Structural properties of residues correctly versus not correctly predicted
In spite of the similarity between the experimental and predicted Pf patterns of the three proteins, we observed some quantitative differences in particular regions. In order to evaluate the reasons for these anomalies, we divided the residues in categories depending on the difference between their experimental and predicted protection factor, and compared structural properties between each category. Residues were classified as anomalous (∼20%) if their predicted ln Pf varied by more than 4 kBT from the experimental value, and further subdivided in two groups depending on whether the protection factor was under or overestimated (colored in red and yellow, respectively, in Figure 7). The well-predicted residues (∼80%) were also subdivided into two groups; those with an experimental ln Pf below 5 kBT, and those with an experimental ln Pf above 5kBT (colored in cyan and blue, respectively, in Figure 7).
The average structural properties of the residues in each category were analyzed (Figure 7). This analysis revealed that the residues for which the protection factor was under predicted (red category) have a high contact order compared to the other groups (Figure 7C). These residues, found mainly in β-sheet regions in ubiquitin, and CI2 (Figure 7A), seem to be more stable than our simulations indicate. The reason for this behavior might be a relative penalization of long range over short range interactions produced as a consequence of an increased backbone flexibility in the model used.
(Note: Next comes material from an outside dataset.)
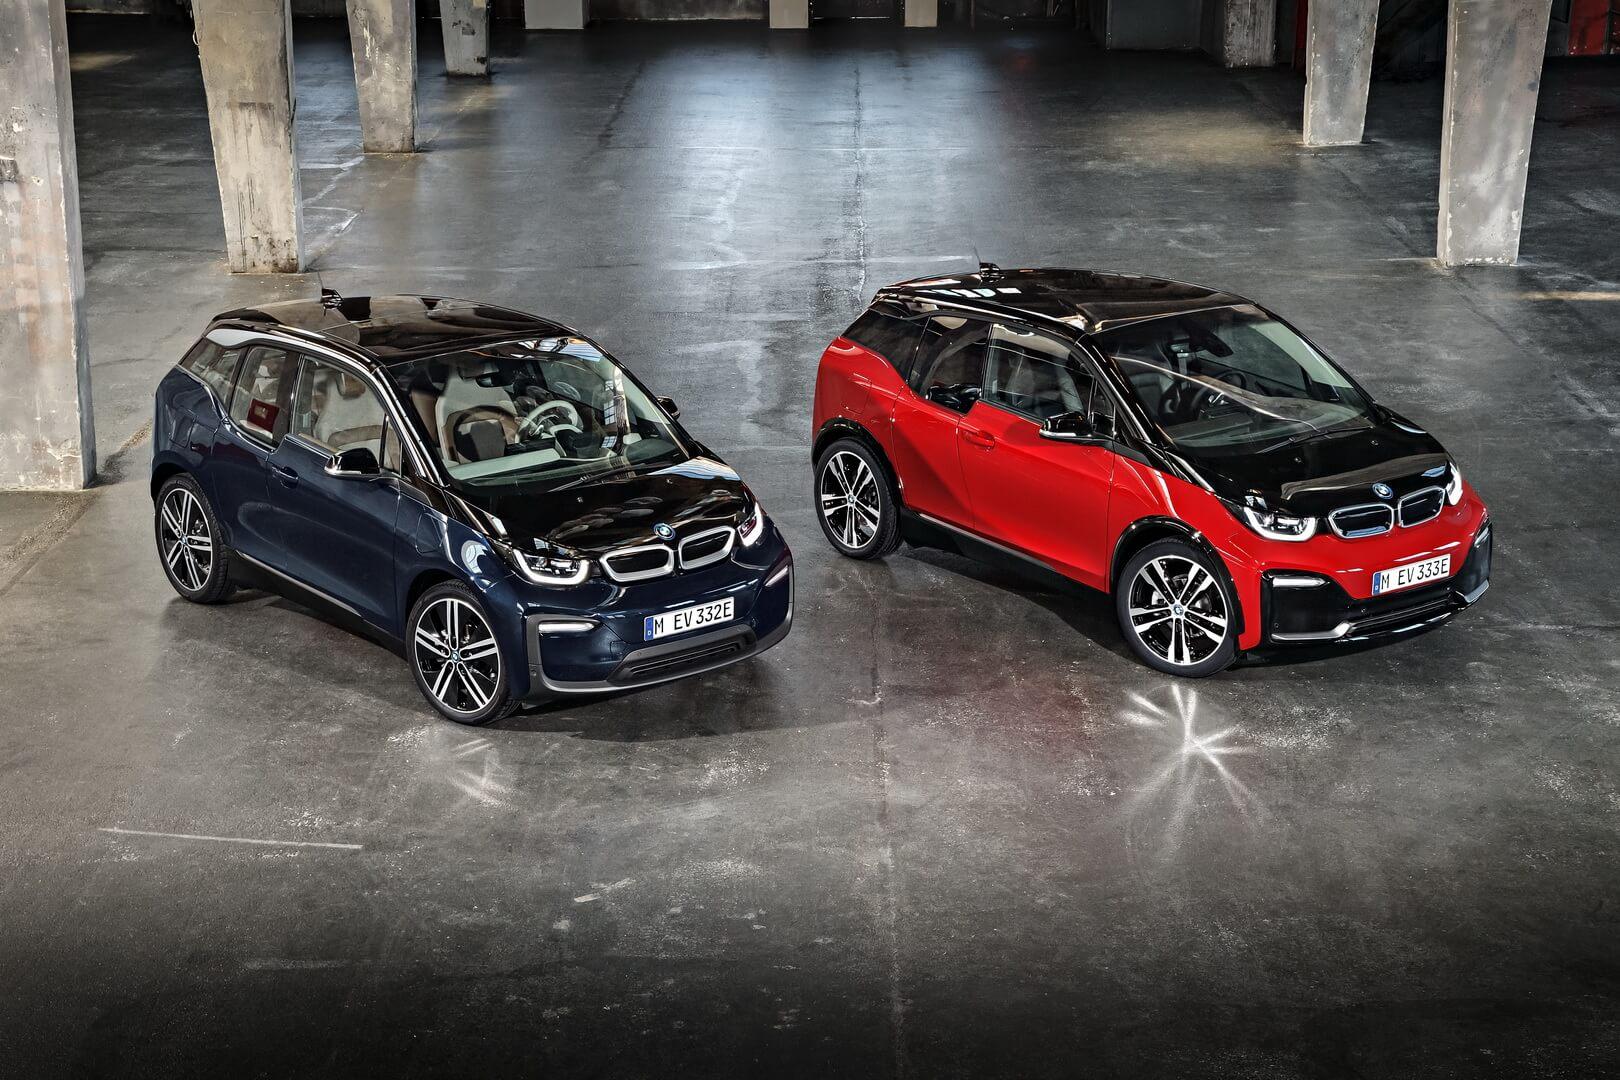 Текущие версии BMW i3иi3s 2018 модельного года

On the other hand, residues with over estimated protection factors showed some heterogeneity and uneven distribution of contact energies along the protein structure. In this regard, it has to be noted that the Hamiltonian used in the predictions had a homogeneous contact potential such that all the native contacts were assigned the same strength. This kind of model was chosen to evaluate the contribution of the topology to the dynamics of the protein structure. To assess the contribution of relative contact energy, we evaluated the average strength of the contacts within each group using the AMW interaction parameters, based on a statistical contact potential optimized by maximization of the energy gap between native and molten globule like configurations of a set of training proteins41. This analysis indicated that the residues with over predicted protection (shown in yellow in Figure 7A) correspond to residues with a contact energy lower than the average (Figure 7D). The stability as well as the predicted protection factor of many of these residues, found in loops and irregular backbone configurations that are most likely dynamic, would decrease if heterogeneity was taken into account.
The analysis presented above illustrates how the comparison between the predicted and experimental protection factors could guide improvements and tuning of the energy functions and parameters used in the simulations.
Conclusions
In this work we examined a simple model to connect the structural fluctuations observed in molecular dynamics simulations of perfectly funneled energy landscapes and experimental data of the dynamics for HX. Coarse grained structure-based model simulations allow an extensive and fast sampling of the conformational space. Using these models we were able to simulate entire folding trajectories from fully unfolded configurations to the native state. This sampling advantage over full atomistic and frustrated models was even further exploited by using the umbrella sampling technique. The results allow a direct assessment of the free energy cost for local unfolding events connected both to small and large conformational fluctuations, and the calculation of protection factors based on a probabilistic analysis of the exchange competent and incompetent states of each residue assuming an EX2 mechanism.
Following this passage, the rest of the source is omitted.